I am trying to develop a parallel Sat solver using CUDA for my engineering (undergraduate) final year project and use a device variable as a flag to see if a valid solution has been encountered. However, copying the device variable back into the host memory using cudaMemcpyFromSymbol() doesn’t seem to work. This happens in both the systems I use at the institution from where I’m pursuing my project. One has a QuadroFX 3700 (with CUDA toolkit 4.0 for Ubuntu 10.10 x64 installed) and the other has a QuadroNVS 300 (with CUDA toolkit 3.2 for Ubuntu 10.04 x64 installed). However, the same code runs as expected in my home desktop having a GeForce GTS250 (with CUDA toolkit 4.0 for Windows 7 x86).
Recently, I tried using cudaGetErrorString() and it always returned “all cuda-capable devices are busy or unavailable”. This happens for all the cudaMemcpy(), cudaMemset() and cudaMemcpyFromSymbol() calls.
It would be very helpful if someone can address this problem.
cudaMemcpyFromSymbol() works perfectly on Linux. I have used it on every cuda version and on every compute capability (1.0 → 2.0) without any problem.
First af all are the examples from SDK working on your linux box ?
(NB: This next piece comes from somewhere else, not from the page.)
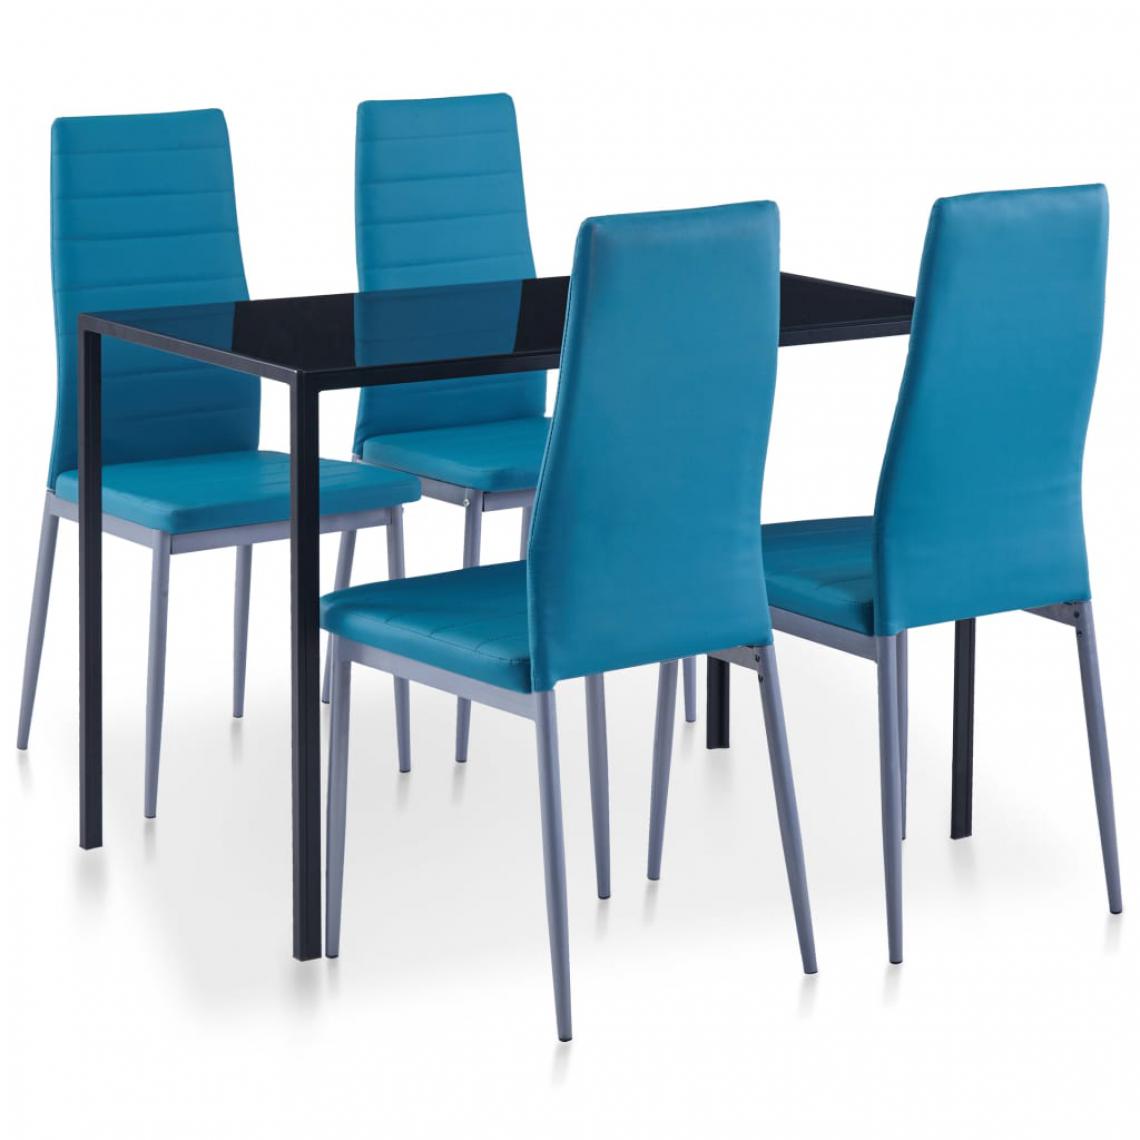 Chunhelife - Ensemble de salle à manger 5 pcs Bleu - Tables à manger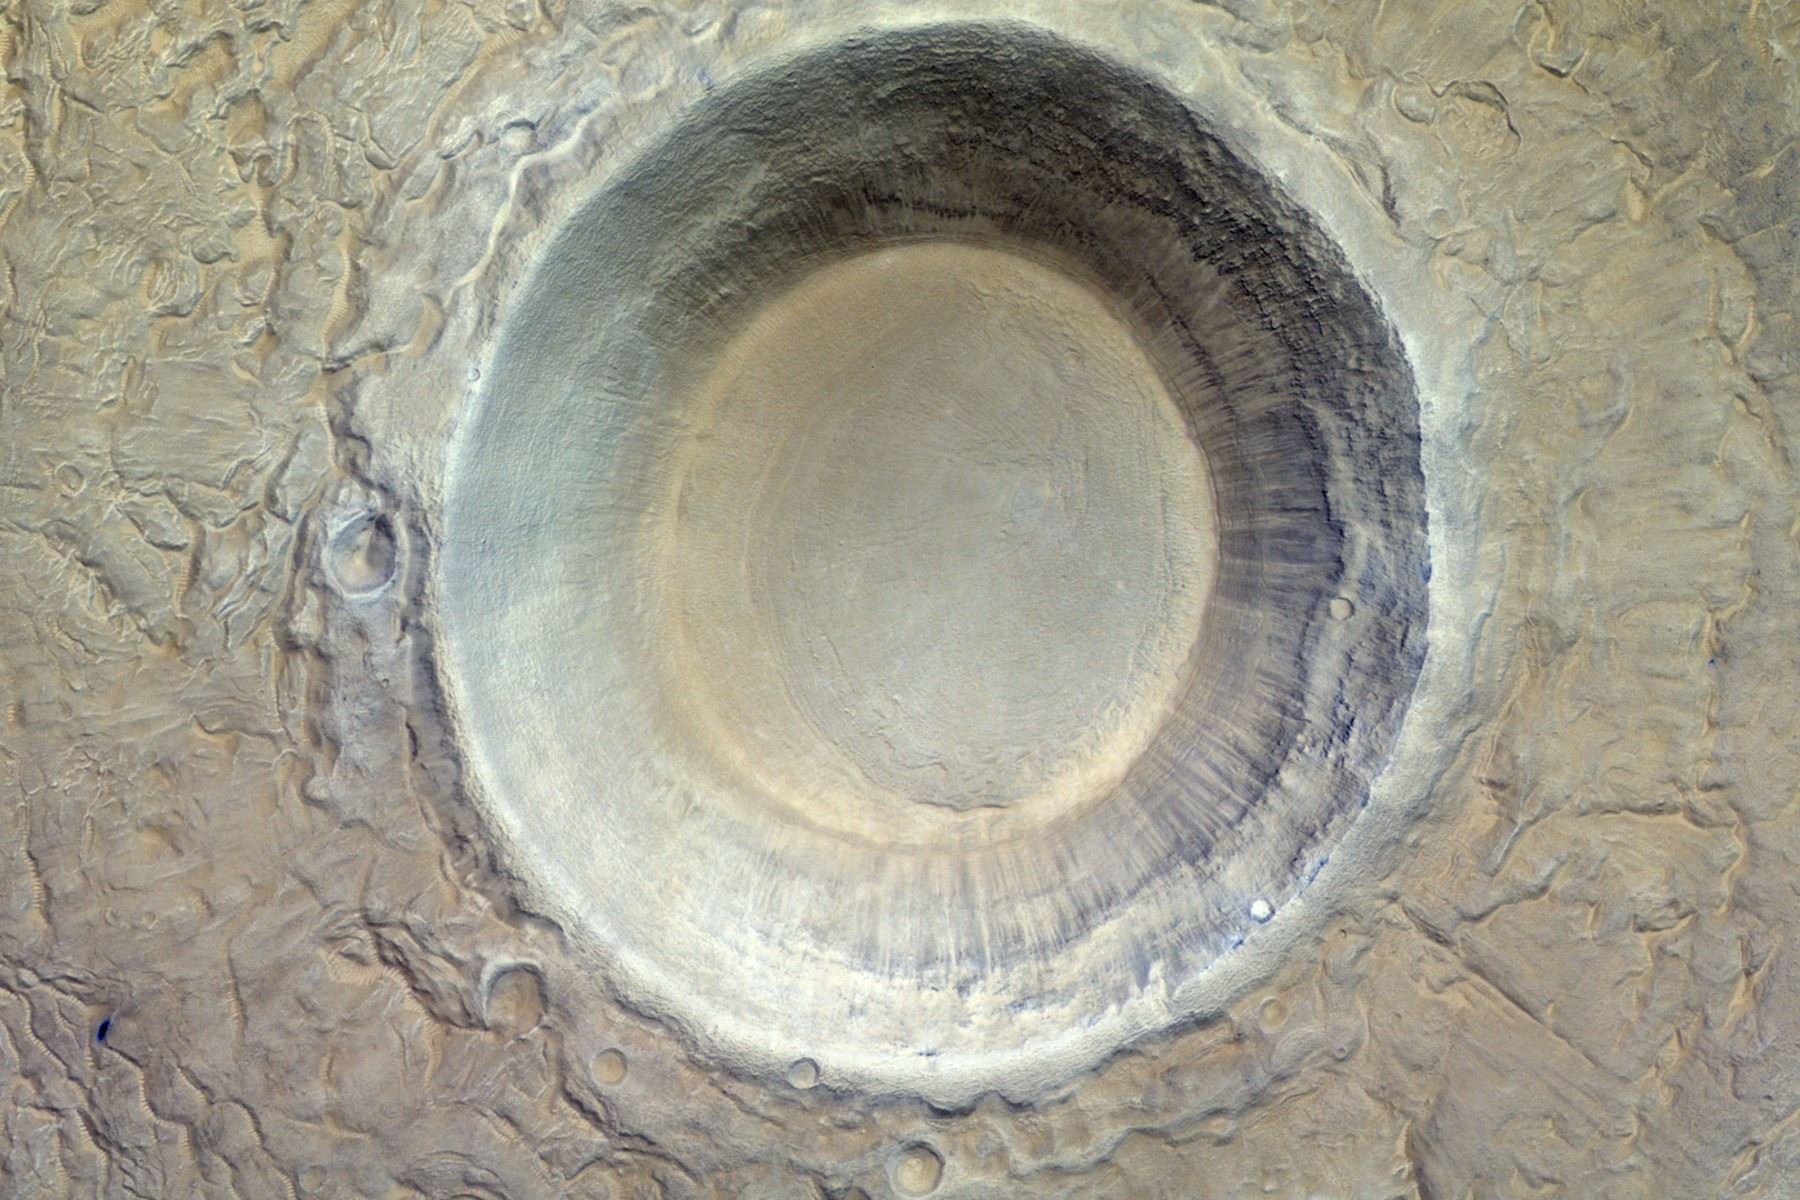 Conoce el gigante cráter descubierto en la superficie de Marte.

Which with option did you compile on linux ? (make sure that you compile for the compute capability of the device you are using)
All the examples from the GPU Computing SDK are running fine.
I simply compiled my code with nvcc -w .cu.
As far as I remember the QuadroFX 3700 and the GTS250 have compute capability 1.1 and the QuadroNVS 300 has 1.2.
What is the -w option ?
Try to set properly the targeted architecture for nvcc: -arch=sm_11 or -arch=sm_12.
If you want more detailed control on nvcc code generation give a look at the nvcc documentation.
The -w option is just to supress the warnings during compilation.
I will try setting the target architecture as you said and see if that works out. Thanks.